Solver for semidefinite programs (SDP's) with unit diagonal constraints.

SYNOPSIS ^

function [Y, problem, S] = elliptope_SDP(A, p, Y0)

DESCRIPTION ^

 Solver for semidefinite programs (SDP's) with unit diagonal constraints.
 
 function [Y, problem, S] = elliptope_SDP(A)
 function [Y, problem, S] = elliptope_SDP(A, p)
 function [Y, problem, S] = elliptope_SDP(A, p, Y0)

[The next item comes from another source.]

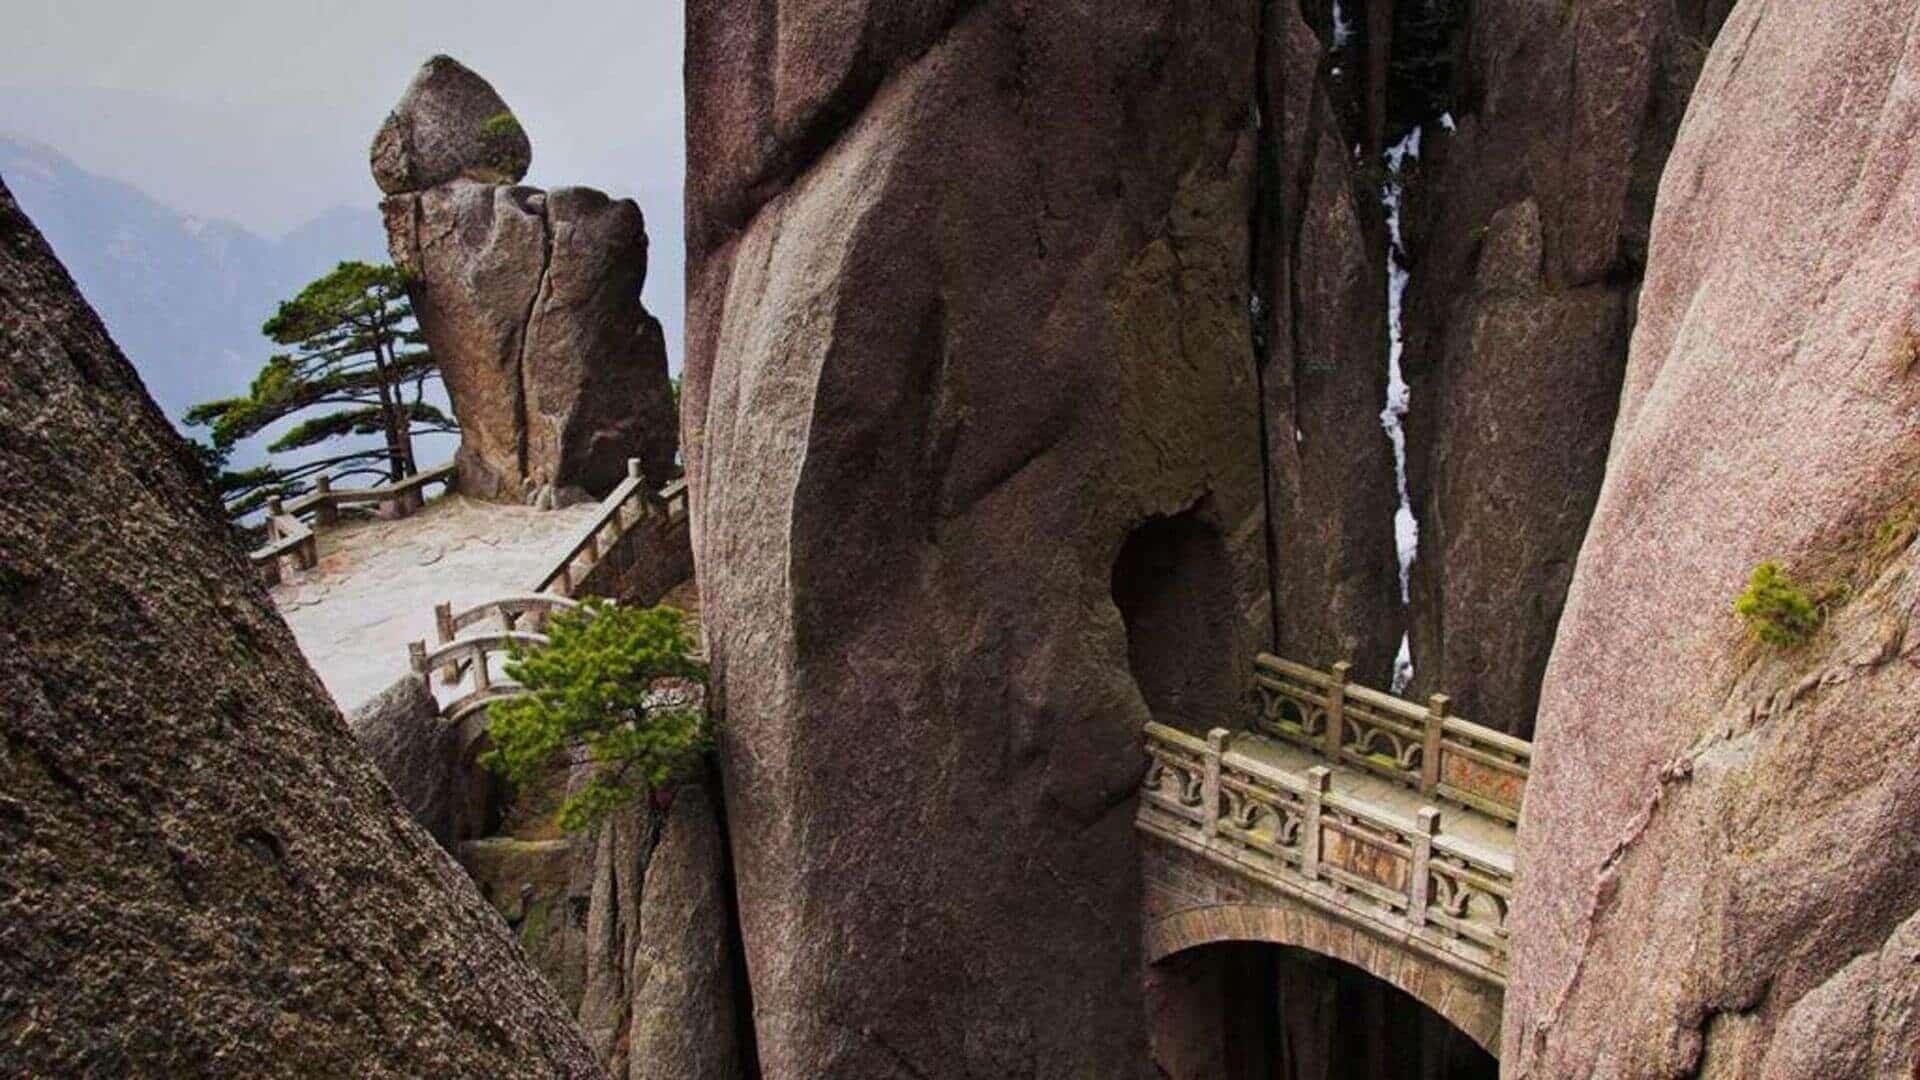 The Bridge of Immortals Huangshan, China

 A is a real, symmetric matrix of size n.

 This function uses a local optimization method in Manopt to solve the SDP

   min_X  trace(A*X)  s.t.  diag(X) = 1 and X is positive semidefinite.

 In practice, the symmetric matrix X of size n is parameterized
 as X = Y*Y', where Y has size n x p. By default, p is taken large enough
 (about sqrt(2n)) to ensure that there exists an optimal X whose rank is
 smaller than p. This ensures that the SDP is equivalent to the new
 problem in Y:

   min_Y  trace(Y'*A*Y)  s.t.  diag(Y*Y') = 1.

 The constraints on Y require each row of Y to have unit norm, which is
 why Manopt is appropriate software to solve this problem. An optional
 initial guess can be specified via the input Y0.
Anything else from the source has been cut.